• [Task objective] Your answer should be only the lines below from the one with "Una singola linea" to the one with "Kostnadsfria samtal* EU", repeated exactly, ends included.

• [Available data]
○ ○ ○ ○ ○ ○ ○

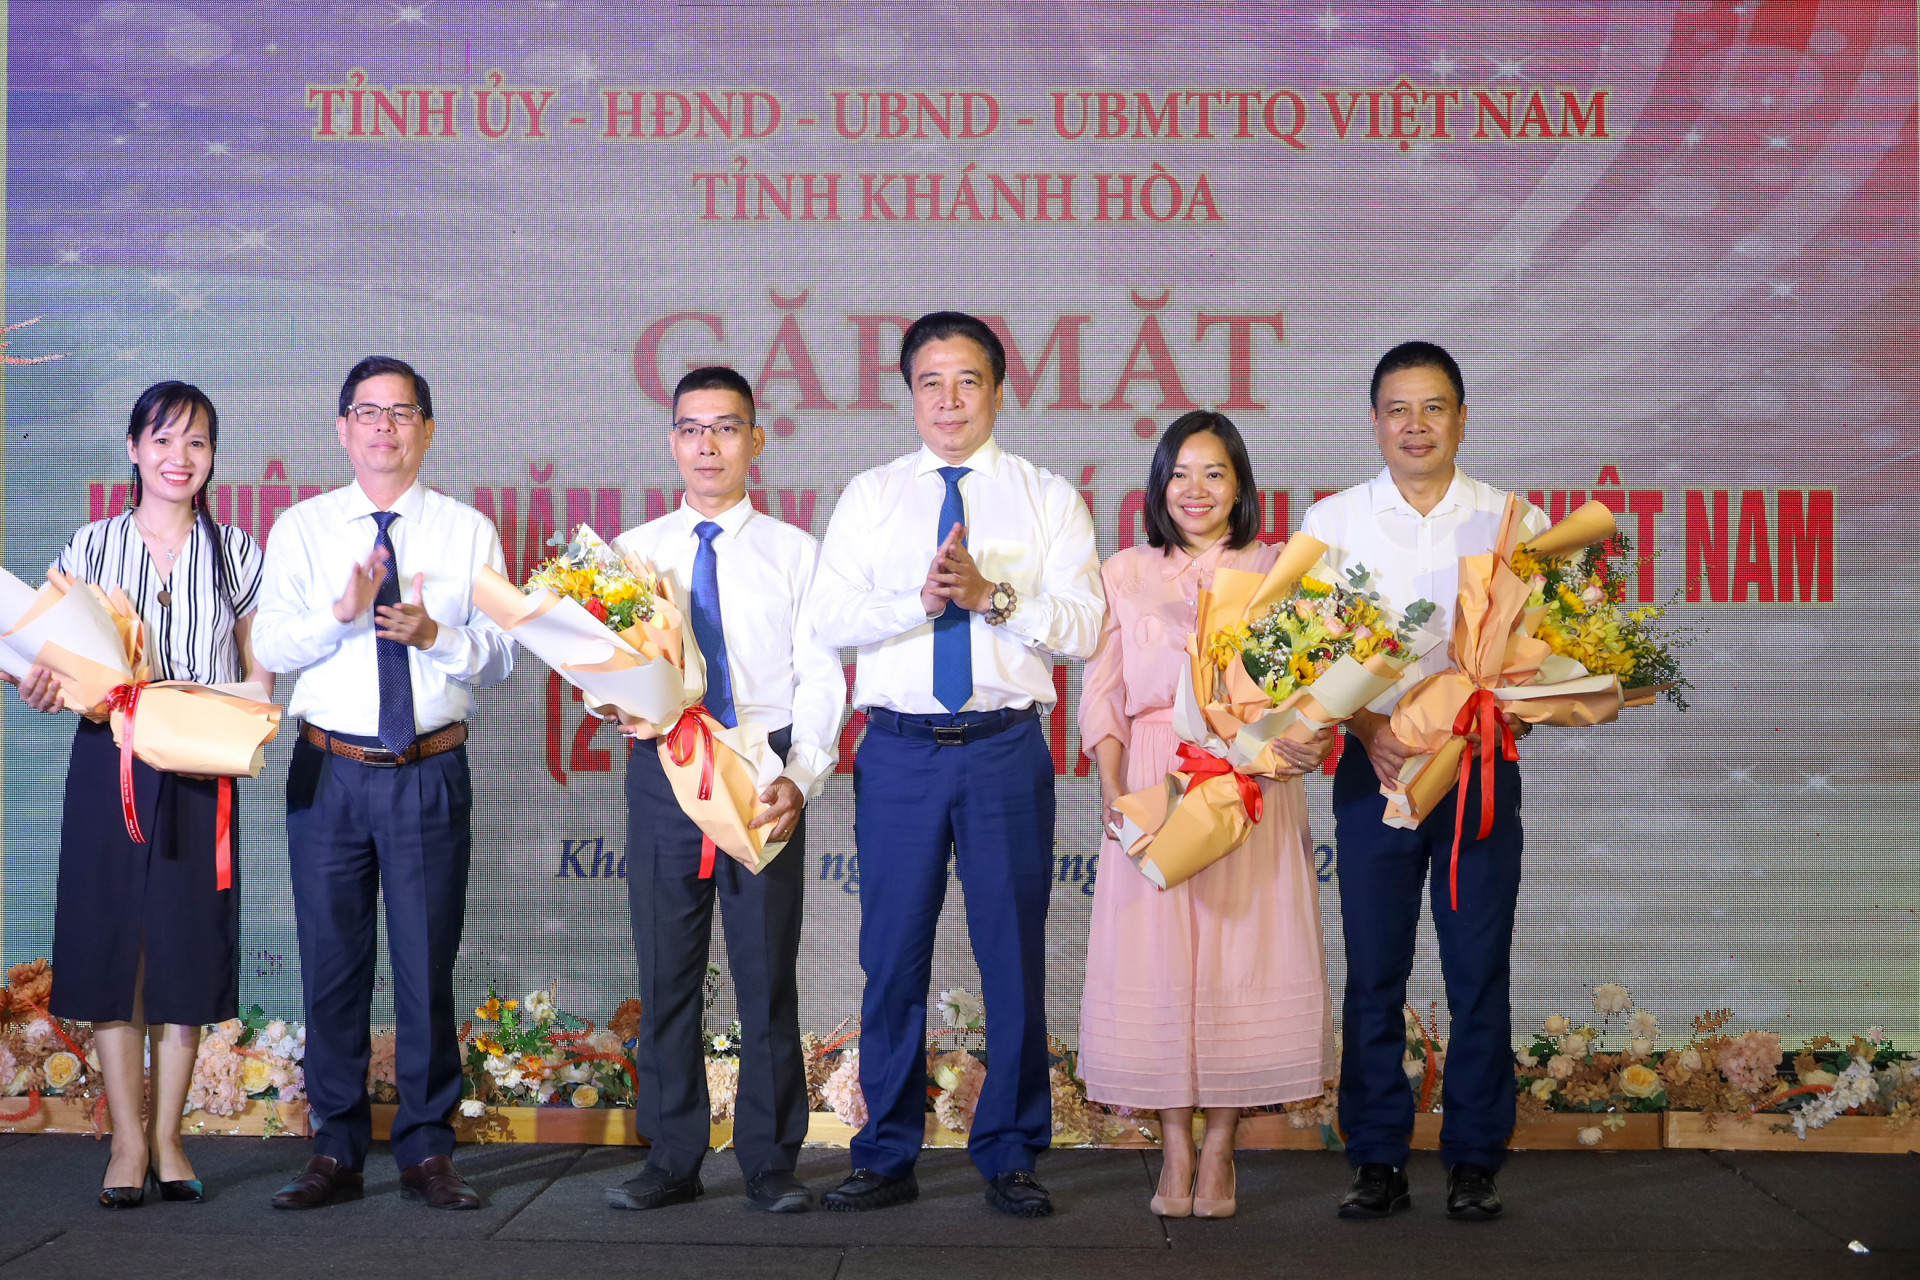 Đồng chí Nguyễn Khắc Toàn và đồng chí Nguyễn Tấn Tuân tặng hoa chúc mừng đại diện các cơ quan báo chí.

○ ○ ○ ○ ○ ○ ○

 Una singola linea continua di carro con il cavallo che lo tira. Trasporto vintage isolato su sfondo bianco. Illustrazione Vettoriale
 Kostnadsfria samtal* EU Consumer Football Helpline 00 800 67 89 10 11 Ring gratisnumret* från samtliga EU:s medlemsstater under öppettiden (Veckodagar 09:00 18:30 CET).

○ ○ ○ ○ ○ ○ ○

• [Exercise answer]
 Una singola linea continua di carro con il cavallo che lo tira. Trasporto vintage isolato su sfondo bianco. Illustrazione Vettoriale
 Kostnadsfria samtal* EU Consumer Football Helpline 00 800 67 89 10 11 Ring gratisnumret* från samtliga EU:s medlemsstater under öppettiden (Veckodagar 09:00 18:30 CET).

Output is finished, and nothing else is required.